When used inside `MetricsWithCalibration`, `TopClassLoss` will choose the top-class 
based on $f(X)$ instead of $g(f(X))$ so the loss difference uses the same choice of top class for both terms.

## Contributors
- David Holzmüller
- Eugène Berta
- Sacha Braun

## Releases

- v1.3.0 by [@eugeneberta](https://github.com/eugeneberta):
  - Splitted calibrators.py into several subfiles and implemented many new calibrators,
  most of which are benchmarked and ranked in the CalArena leaderboard.
  Among others, added Binary histogram binning, Scaling-binning (from
  uncertainty-calibration), BBQ (from netcal), Beta calibration (from betacal), ENIR
  (from netcal), binary and multiclass Kernel calibration (using beta and dirichlet
  kernels from ece_kde), Spline calibration (from splinecalib), CDF-Spline calibration,
  Ensemble Temperature Scaling, tree based calibration with CatBoost, LightGBM and
  XGBoost.  
  - Re-structured the base `Calibrator` class to differentiate
  `_predict_proba_torch_impl` from `_predict_proba_impl`.
  - Added Kuiper and Kolmogorov-Smirnov binary calibration metrics.
  - Deprecated python 3.9, added python 3.13 and 3.14 support.
- v1.2.0 by [@elsacho](https://github.com/elsacho): Added new proper loss functions:
  - ProperLpLoss(p=p): Metrics to evaluate $E[ \Vert f(X) - E[Y|f(X)] \Vert_p ]$ where
    $f(X)$ are the predictions of the classifier, $p >= 1$, including `p=float("inf")`
  - TopClassLoss: A wrapper to variationally evaluate top-class errors.
  - OverConfidenceLoss & UnderConfidenceLoss: Wrappers to variationally evaluate 
    over/under-confidence in binary predictors.
  - MetricsWithCalibration can now handle arbitrary classifiers and Lp-type losses.

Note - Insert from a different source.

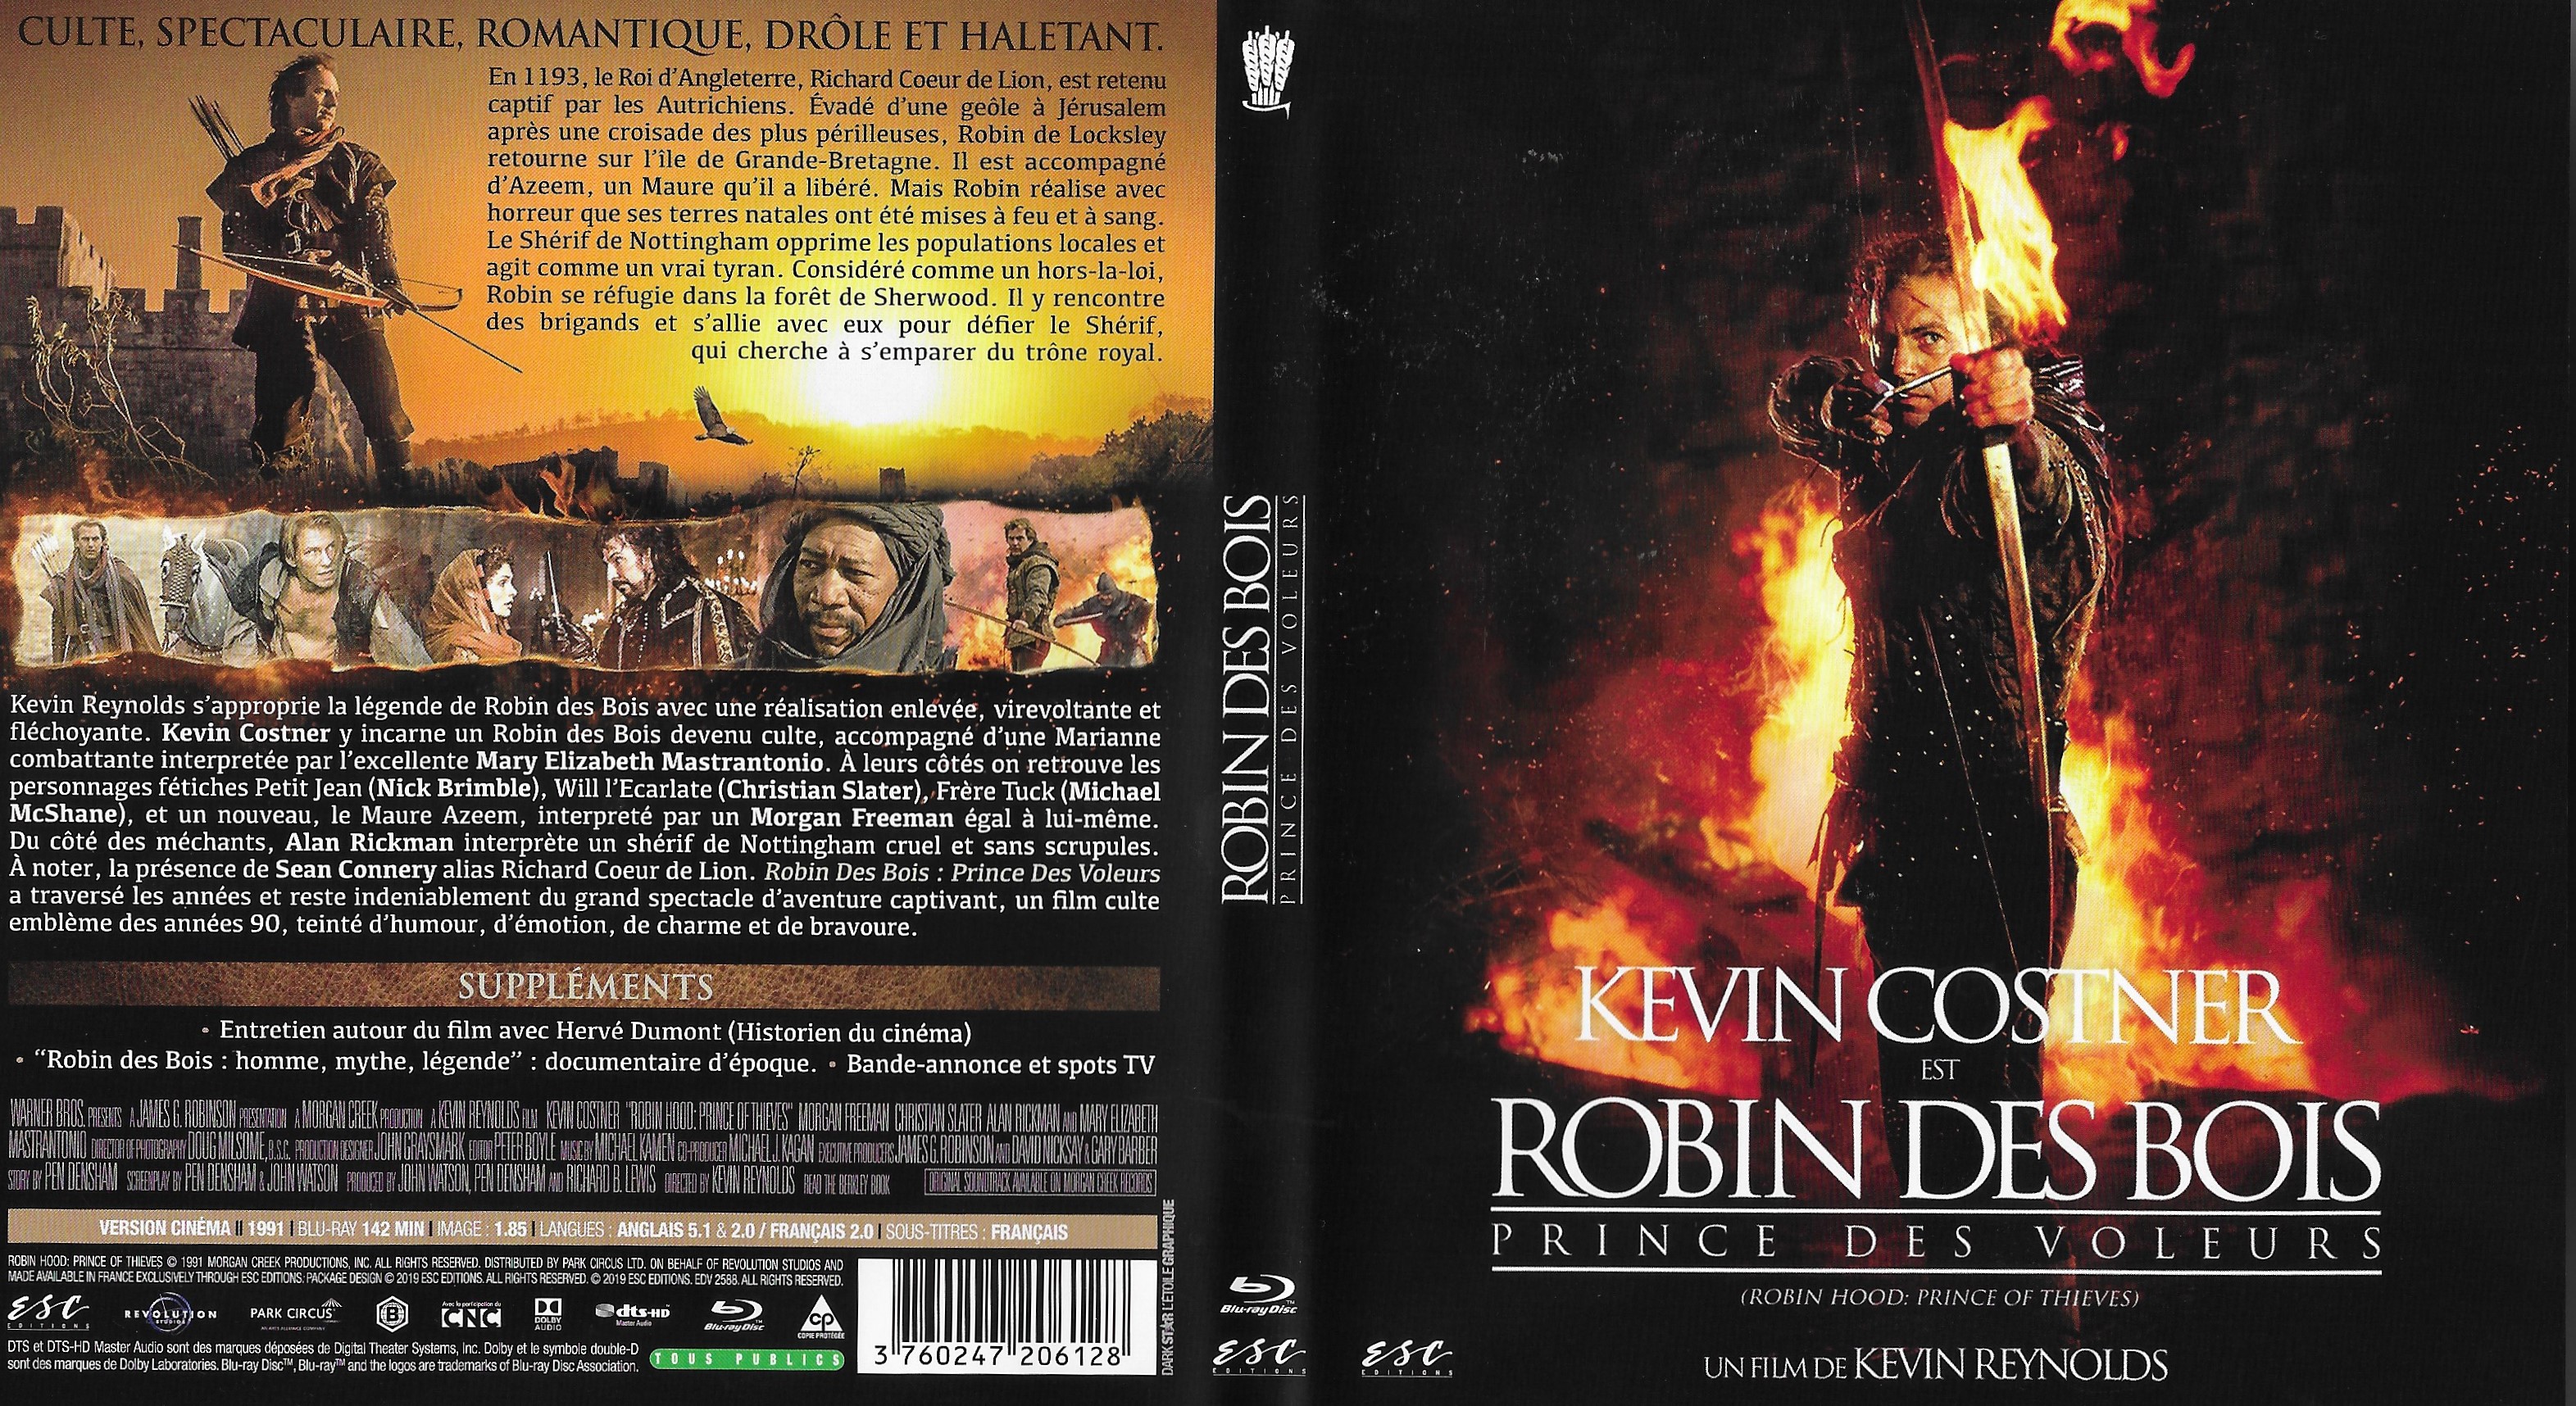 Jaquette DVD Robin des bois prince des voleurs (BLU-RAY) v2

  - New classifiers:  Added `WS_CatboostClassifier` and `WS_LGBMClassifier` for 
    evaluating calibration errors.
  - removed sklearn < 1.7 constraint.
- v1.1.0 by [@eugeneberta](https://github.com/eugeneberta): Improvements to the SVS and
  SMS calibrators:
  - logit pre-processing with `'ts-mix'` is now automatic, 
    and the global scaling parameter $\alpha$ is fixed to 1. This yields:
    - improved performance on our tabular and computer vision benchmarks 
      (see the arxiv v2 of the SMS paper, coming soon).
    - faster convergence.
    - ability to compute the duality gap in closed form for stopping SAGA solvers, 
      which we implement in this version.

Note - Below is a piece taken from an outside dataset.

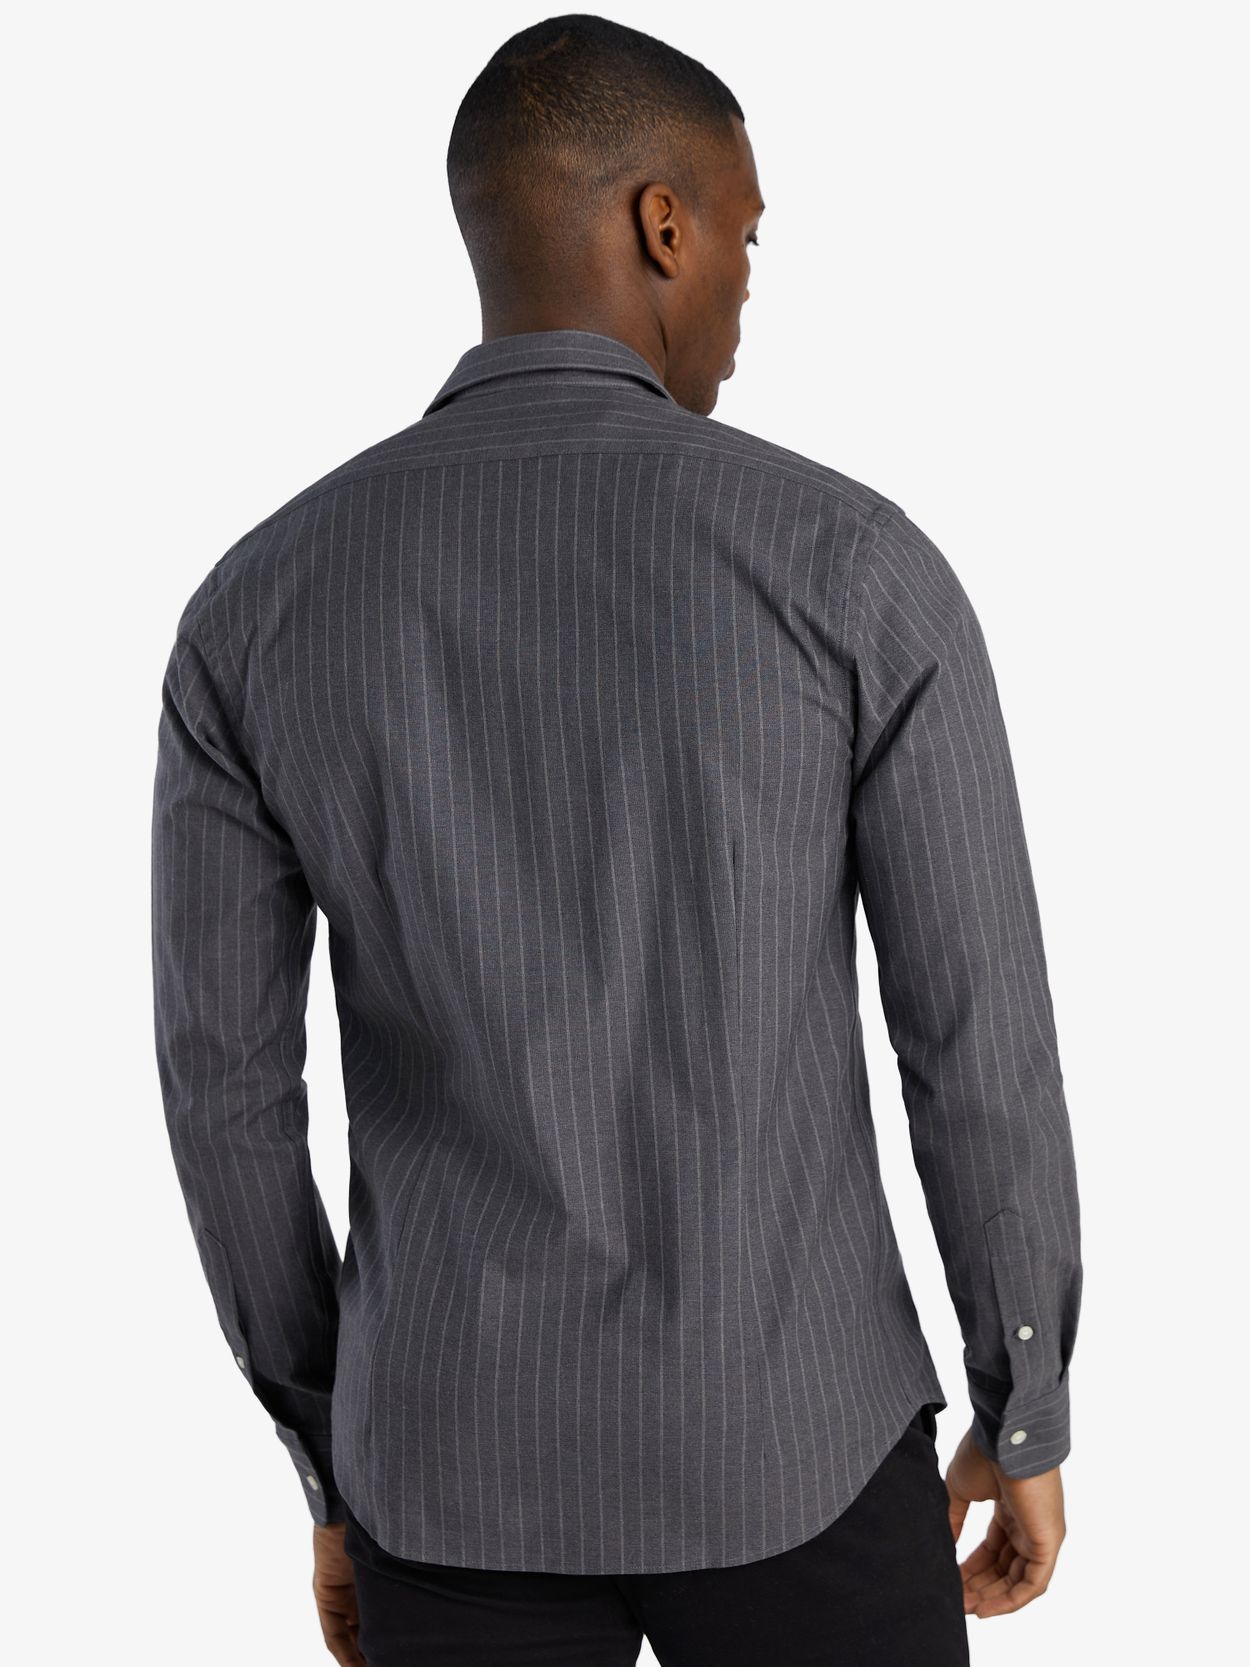 Grey Striped Zipper Shirt

  - improved L-BFGS solvers, much faster than in the previous version. 
    Now used in SVS and SMS by default.
  - the default binary calibrator in `LogisticCalibrator` is now quadratic scaling 
    instead of affine scaling, this can be changed back by using 
    `LogisticCalibrator(binary_type='affine')`.
- v1.0.0 by [@eugeneberta](https://github.com/eugeneberta): New post-hoc calibrators
  like `'logistic'` including structured matrix scaling (SMS), structured vector scaling
  (SVS), affine scaling, and quadratic scaling.

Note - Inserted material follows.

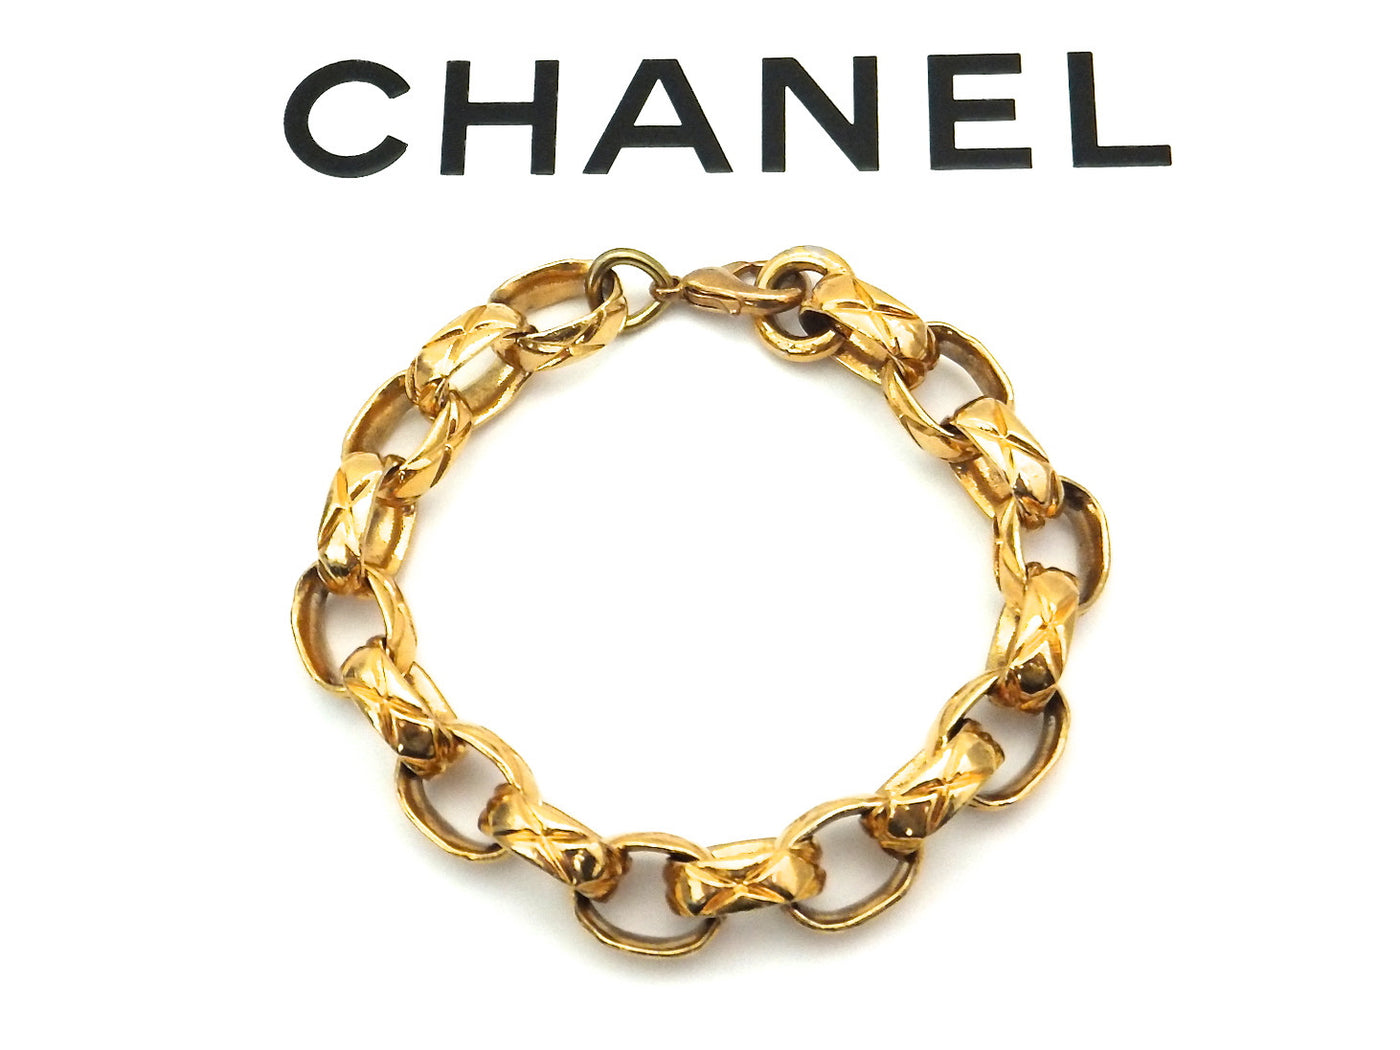 Authentic Chanel Vintage Classic Bracelets

- v0.0.2 by [@dholzmueller](https://github.com/dholzmueller):
  - Removed numpy<2.0 constraint
  - allow 1D vectors in CategoricalLogits / CategoricalProbs
  - add TorchCal temperature scaling
  - minor fixes in AutoGluon temperature scaling 
    that shouldn't affect the performance in practice
- v0.0.1 by [@dholzmueller](https://github.com/dholzmueller):
  Initial release with classification metrics, 
  calibration/refinement metrics, and some post-hoc calibration methods.